> **Your objective**:
Copy out the data below as written; omit any images.

> **Supplied information**:
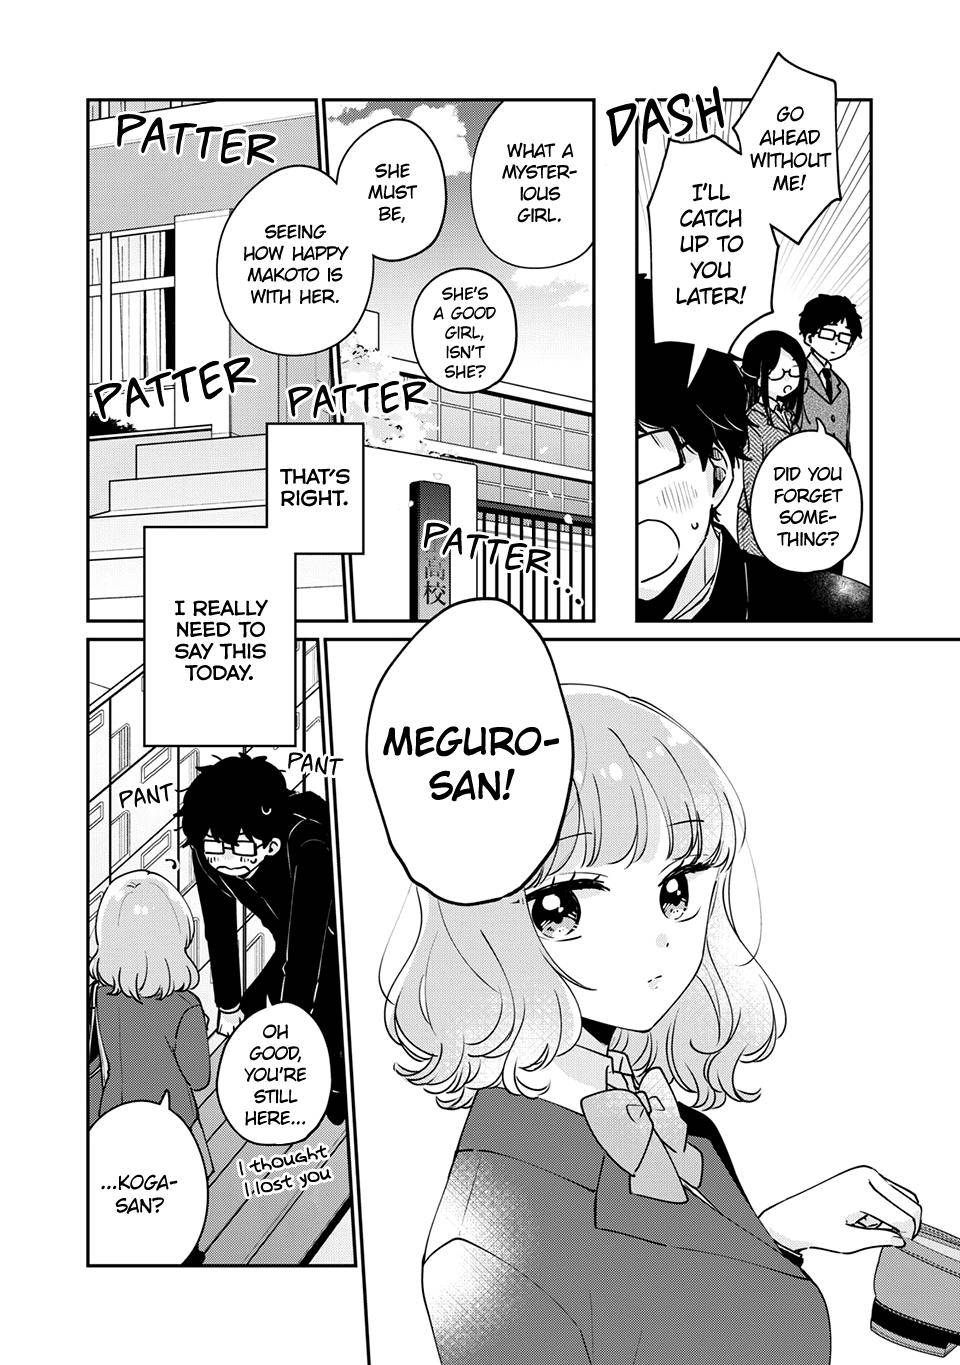 It's Not Meguro-san's First Time chapter 47 page 13
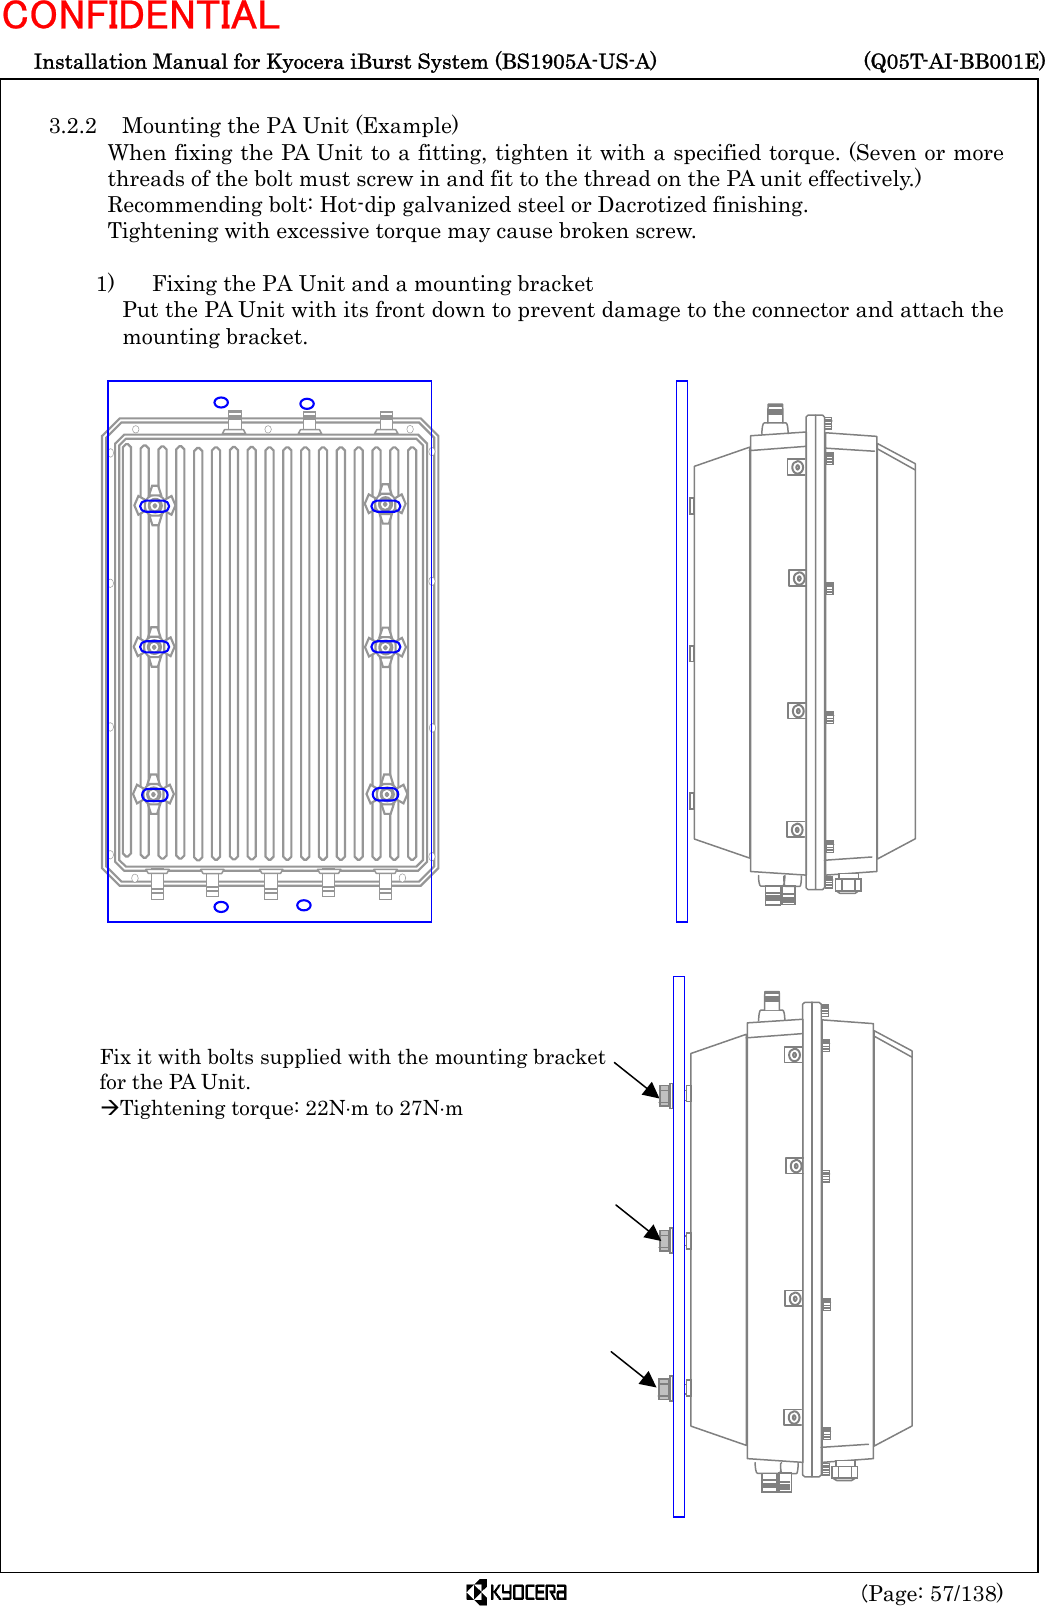  Installation Manual for Kyocera iBurst System (BS1905A-US-A)     (Q05T-AI-BB001E) (Page: 57/138) CONFIDENTIAL  3.2.2  Mounting the PA Unit (Example) When fixing the PA Unit to a fitting, tighten it with a specified torque. (Seven or more threads of the bolt must screw in and fit to the thread on the PA unit effectively.) Recommending bolt: Hot-dip galvanized steel or Dacrotized finishing. Tightening with excessive torque may cause broken screw.  1)    Fixing the PA Unit and a mounting bracket   Put the PA Unit with its front down to prevent damage to the connector and attach the mounting bracket.                                         Fix it with bolts supplied with the mounting bracketfor the PA Unit. ÆTightening torque: 22N⋅m to 27N⋅m 
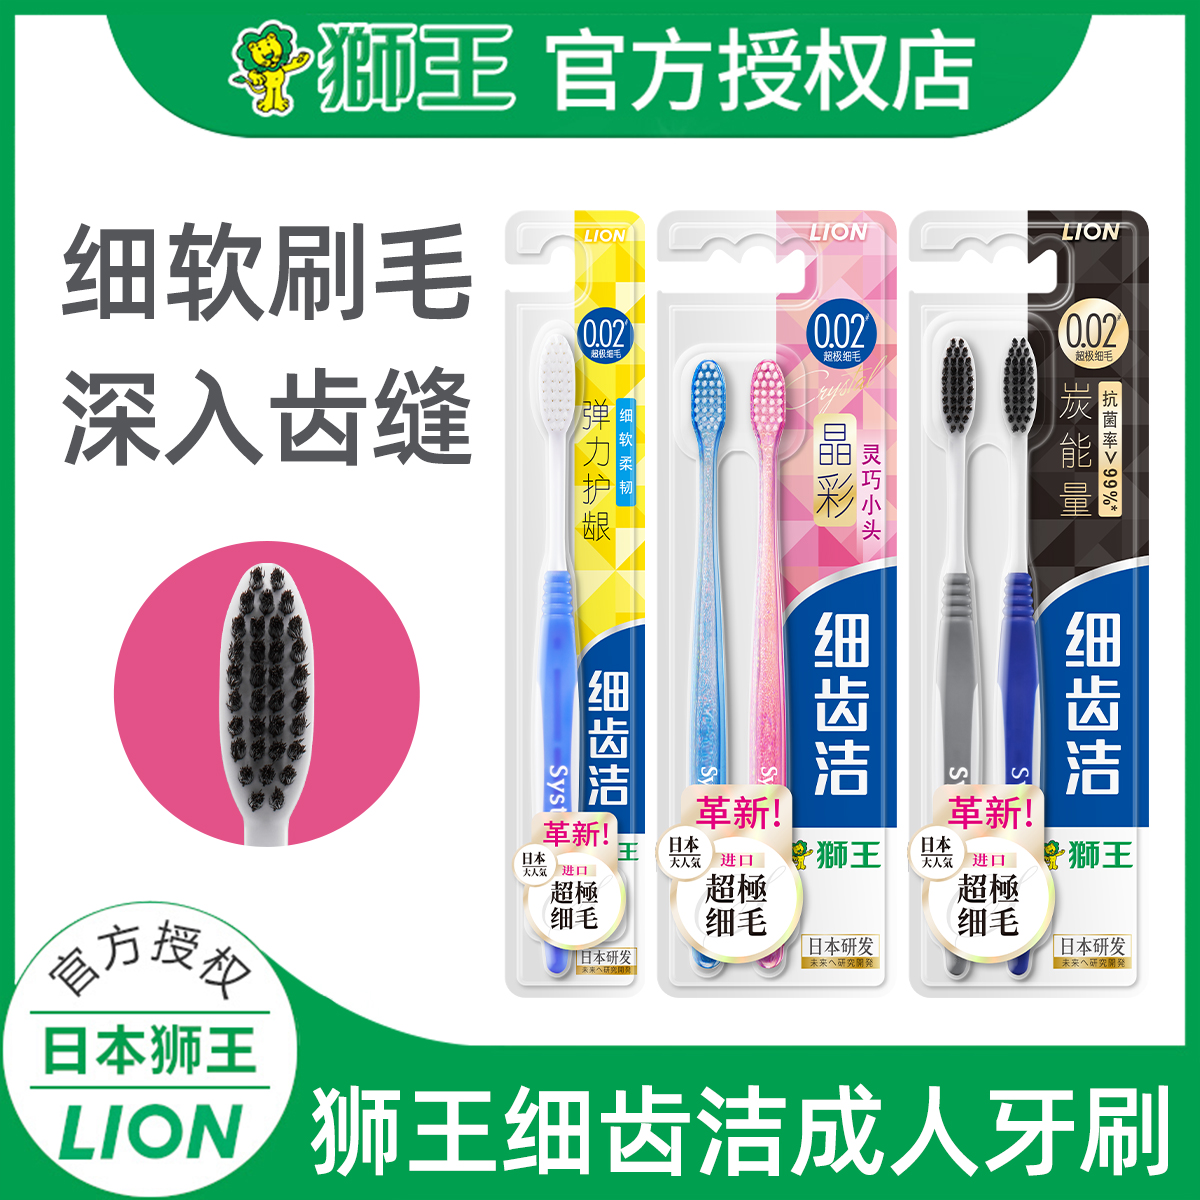 Lion King toothbrush soft hair lion fine tooth cleaning elastic gum toothbrush adult men and girls fine hair confinement interdental brush

> **Exercise output**:
 It's Not Meguro-san's First Time chapter 47 page 13
  Installation Manual for Kyocera iBurst System (BS1905A-US-A)     (Q05T-AI-BB001E) (Page: 57/138) CONFIDENTIAL  3.2.2  Mounting the PA Unit (Example) When fixing the PA Unit to a fitting, tighten it with a specified torque. (Seven or more threads of the bolt must screw in and fit to the thread on the PA unit effectively.) Recommending bolt: Hot-dip galvanized steel or Dacrotized finishing. Tightening with excessive torque may cause broken screw.  1)    Fixing the PA Unit and a mounting bracket   Put the PA Unit with its front down to prevent damage to the connector and attach the mounting bracket.                                         Fix it with bolts supplied with the mounting bracketfor the PA Unit. ÆTightening torque: 22N⋅m to 27N⋅m 
 Lion King toothbrush soft hair lion fine tooth cleaning elastic gum toothbrush adult men and girls fine hair confinement interdental brush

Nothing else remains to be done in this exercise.